I was active and renewed, but actually (due to my ignorance more than anything) didn't.  I beleive it was through the user options in the User accounts.  All I have for support is the payment details from my account history screen in html.  I can send you the html and supporting files.

Keia


----------



## Keia (May 23, 2005)

Bumping for answers 

Keia


----------



## Henry (May 23, 2005)

Haven't forgotten you yet, still waiting on Morrus to get back to full operational status  but it doesn't hurt to check!


----------



## iwarrior-poet (May 23, 2005)

I would become a supporter, but I have never gotten a response as to whether or not my support would be tax deductible----is it?


----------



## Keia (May 23, 2005)

Henry said:
			
		

> Haven't forgotten you yet, still waiting on Morrus to get back to full operational status  but it doesn't hurt to check!



Understood . . . Figured it had almost been a week.  I'll try and stay on it now that I've decided to 

Keia


----------



## Henry (May 23, 2005)

iwarrior-poet said:
			
		

> I would become a supporter, but I have never gotten a response as to whether or not my support would be tax deductible----is it?

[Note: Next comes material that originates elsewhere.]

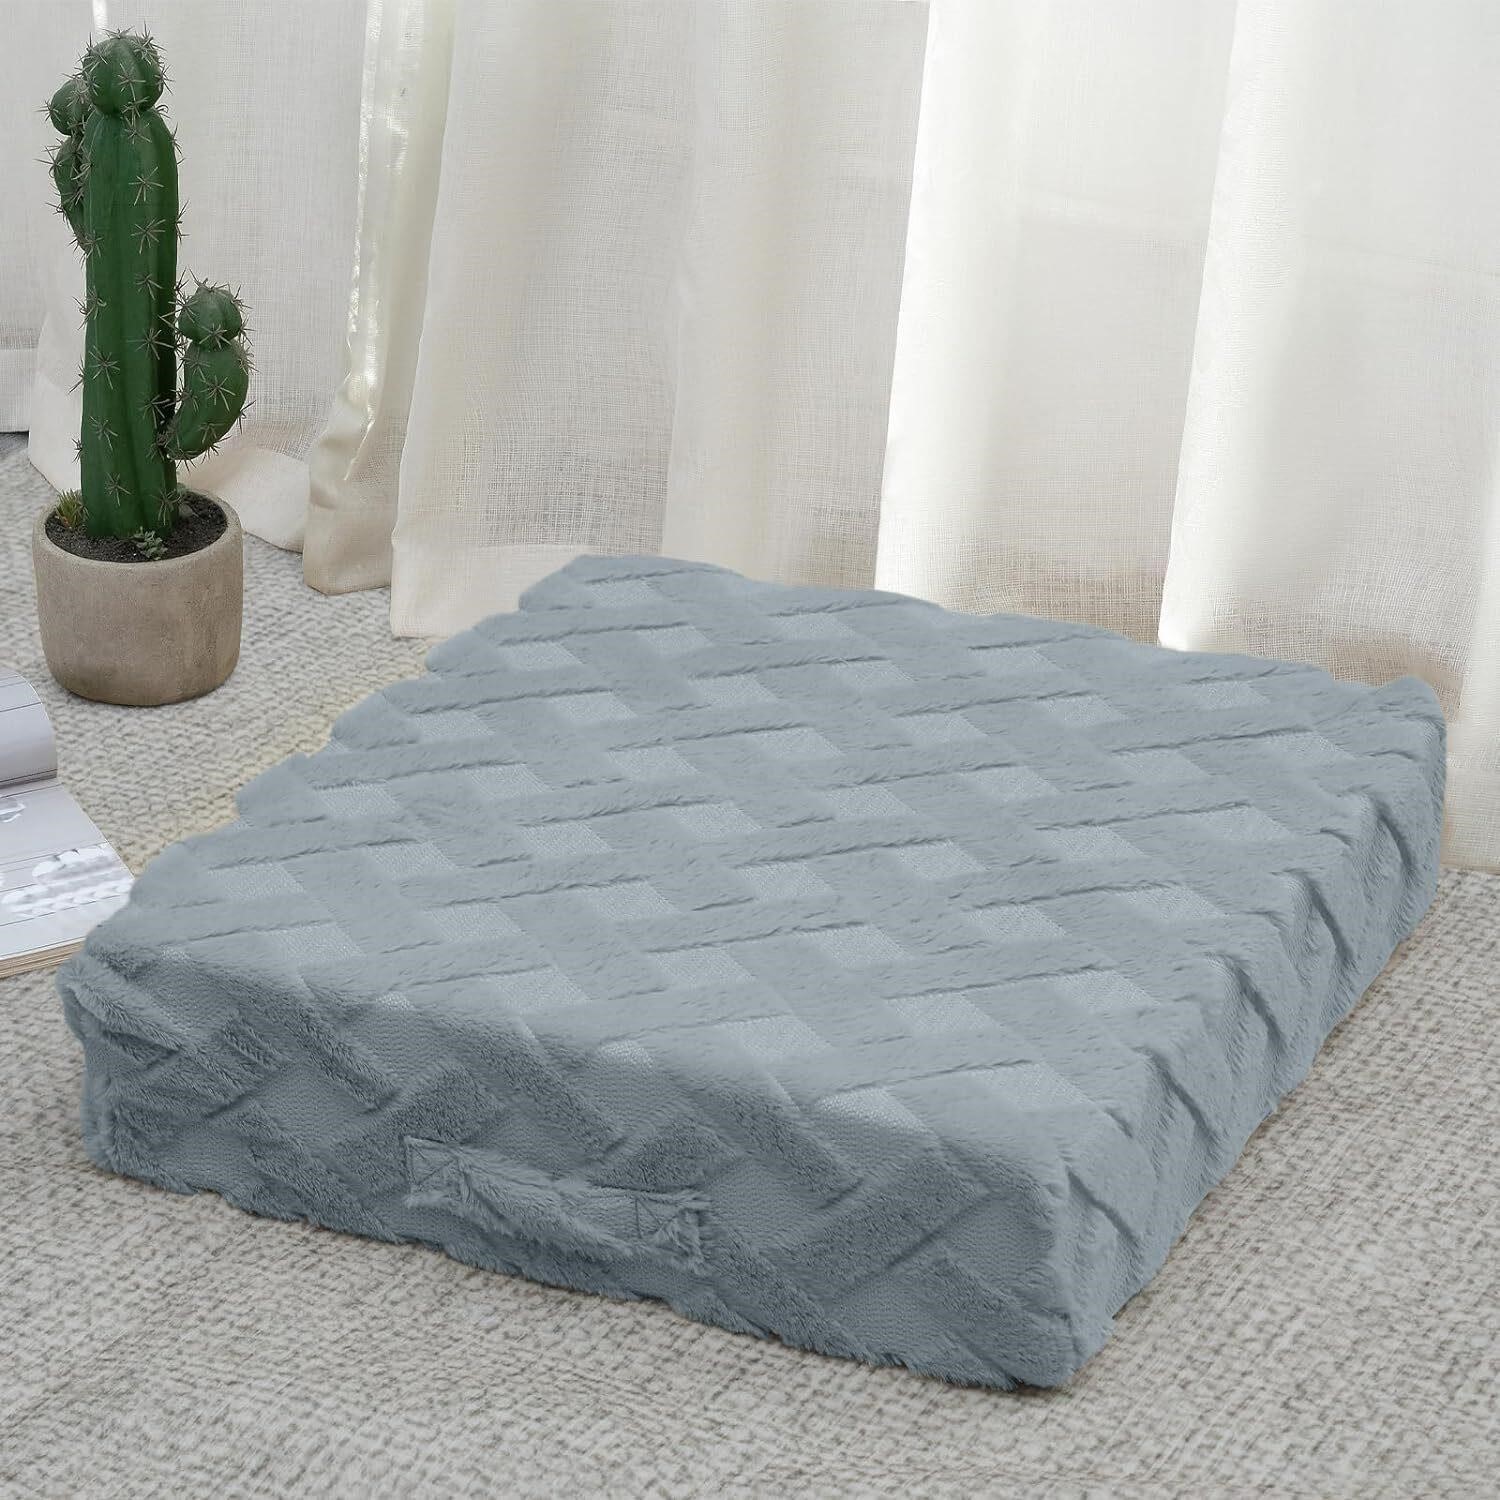 MeMoreCool Square Floor Pillow  24 Inches Grey

Good question! I'm not certain, but my first inclination is no, because ENWorld is not a non-profit organization.


----------



## Keia (May 23, 2005)

Henry said:
			
		

> Good question! I'm not certain, but my first inclination is no, because ENWorld is not a non-profit organization.



Having some knowledge of that area, I would have to agree.

Keia


----------



## DaveMage (May 23, 2005)

In order to make it tax-deductable, we'd have to set up the "EN World Foundation" as a non-profit with a cause to support.  

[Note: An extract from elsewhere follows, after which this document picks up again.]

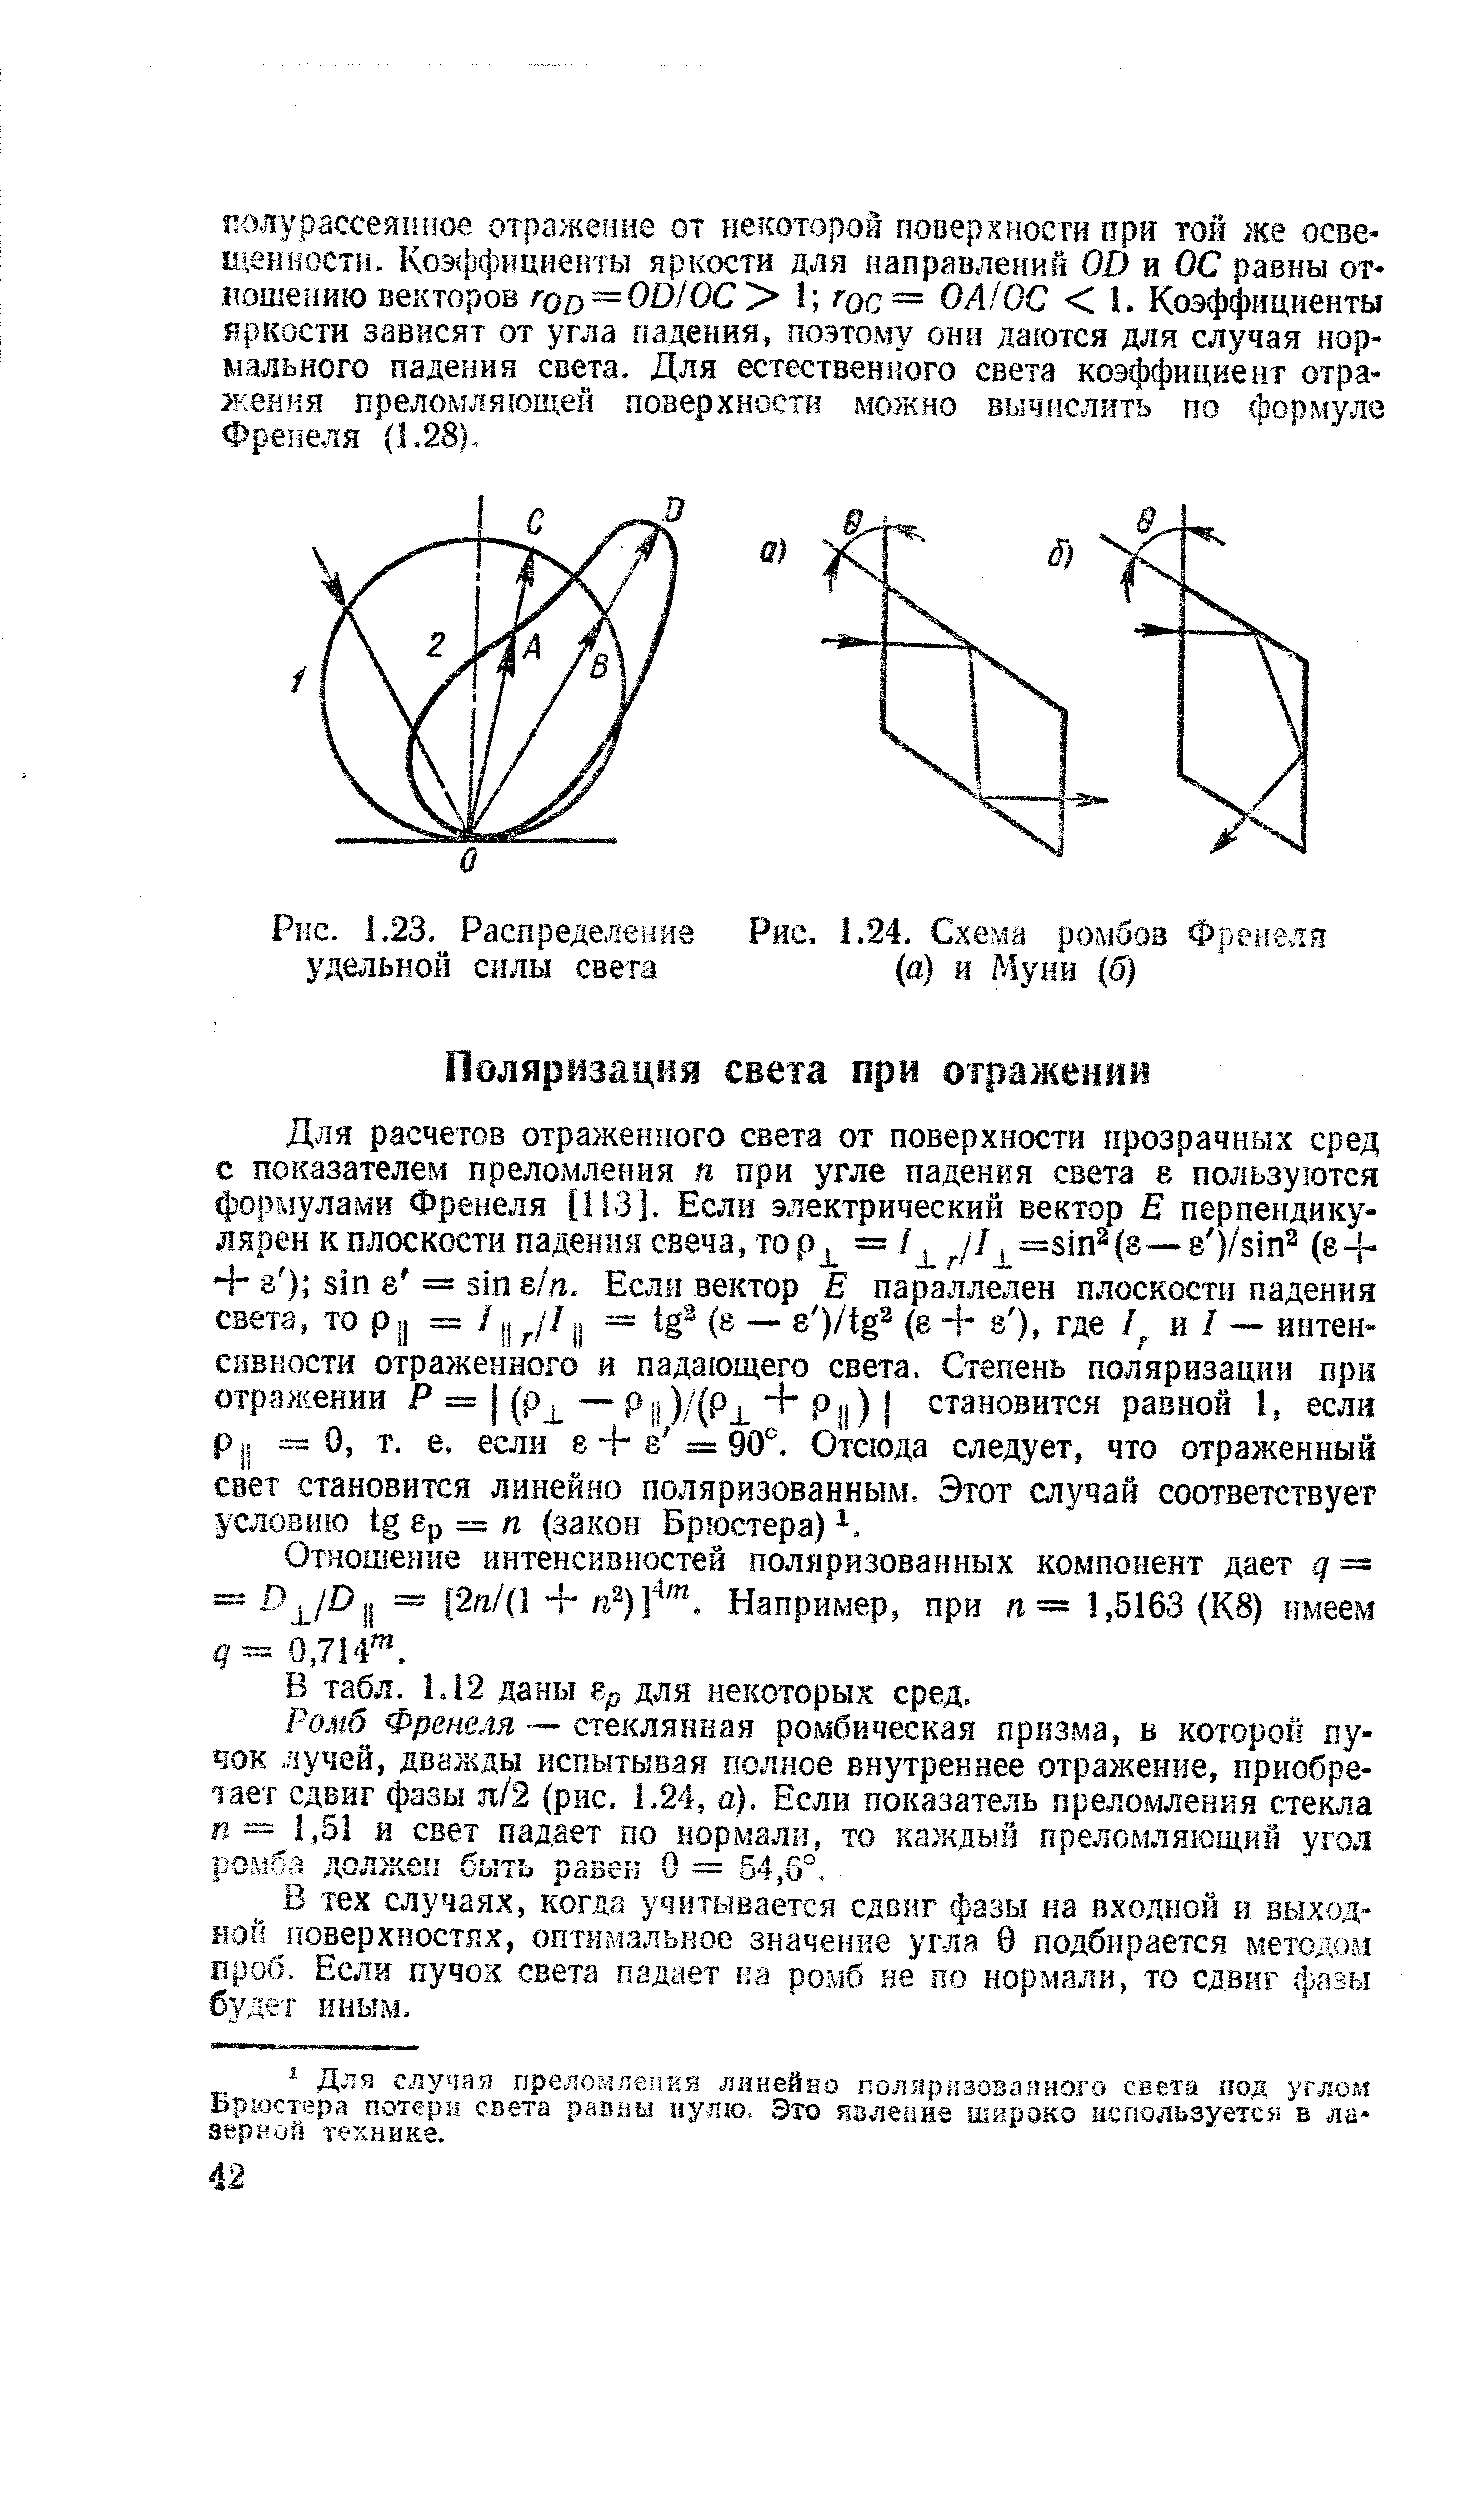 Рис. 1.24. Схема ромбов Френеля (а) и Муни (б)

We could set it up to benefit unemployed gamers...


----------



## palleomortis (May 24, 2005)

YES!! Or you guys could just bribe the government.


----------



## iwarrior-poet (May 25, 2005)

I thought to get a ".org" domain name you had to be a nonprofit. Is it really that hard to get nonprofit status? It would make it a HECK of a lot more enticing for folks to support ENWorld.


----------



## Dimwhit (May 25, 2005)

Donations are most assuredly not tax deductible (at least in the US). To be so would require Russ to set up ENWorld as a non-profit corporation AND file for, and receive, 501(c)(3) status. I'm doubting he did that. 

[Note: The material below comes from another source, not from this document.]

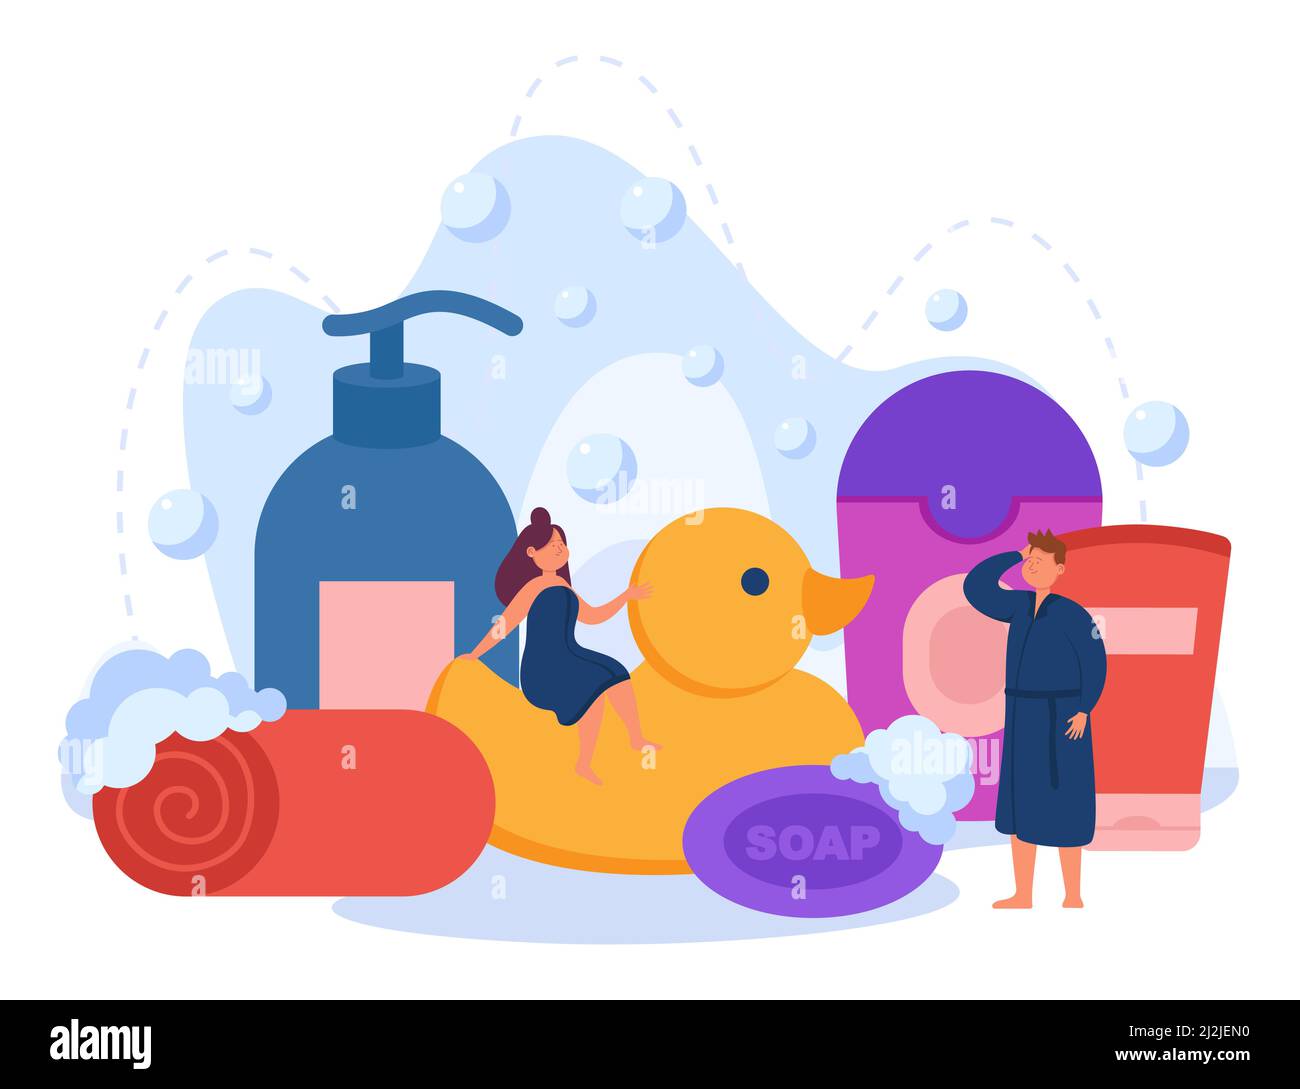 Tiny cartoon people with huge bath cosmetics. Giant soap, sponge and shampoo for bathroom procedures flat vector illustration. Hygiene, spa concept fo Stock Vector

It is, in theory, possible, but it wouldn't be worth the hassle.


----------



## DaveMage (May 25, 2005)

iwarrior-poet said:
			
		

> I thought to get a ".org" domain name you had to be a nonprofit. Is it really that hard to get nonprofit status? It would make it a HECK of a lot more enticing for folks to support ENWorld.




Why?

I think the EN World community and the features that come with being a community supporter are pretty cool as is.

I mean, where else can you converse with Gary Gygax, Erik Mona, Joseph Goodman, Clark Peterson, Bill Webb, Monte Cook, Chris Pramas, Mike Mearls, Philip Reed, John Nephew, Steve Creech, Charles Ryan, Mark Plemmons, Matt Sprange, and many other industry gurus all on the same site?

(And a little profit isn't a bad thing either, IMO.)


----------



## Truth Seeker (May 25, 2005)

palleomortis said:
			
		

> YES!! Or you guys could just bribe the government.




??????*Points to Airforce Symbol*


----------



## IronWolf (May 25, 2005)

iwarrior-poet said:
			
		

> I thought to get a ".org" domain name you had to be a nonprofit.




Nope, .org doesn't equal nonprofit.


----------



## diaglo (May 25, 2005)

palleomortis said:
			
		

> YES!! Or you guys could just bribe the government.




 

big brother is watching.

diaglo "i am the government and here to help you" Ooi


----------



## Henry (May 25, 2005)

IronWolf said:
			
		

> Nope, .org doesn't equal nonprofit.




I believe it USED to, back in the mid-1990's when the Web was really expanding, but those restrictions were removed - what, 7 or 8 years ago?


----------



## Keia (May 25, 2005)

Somehow . . . I feel a disturbance . . . as though my thread's been hijacked for evil tax purposes . . . .  

Keia


----------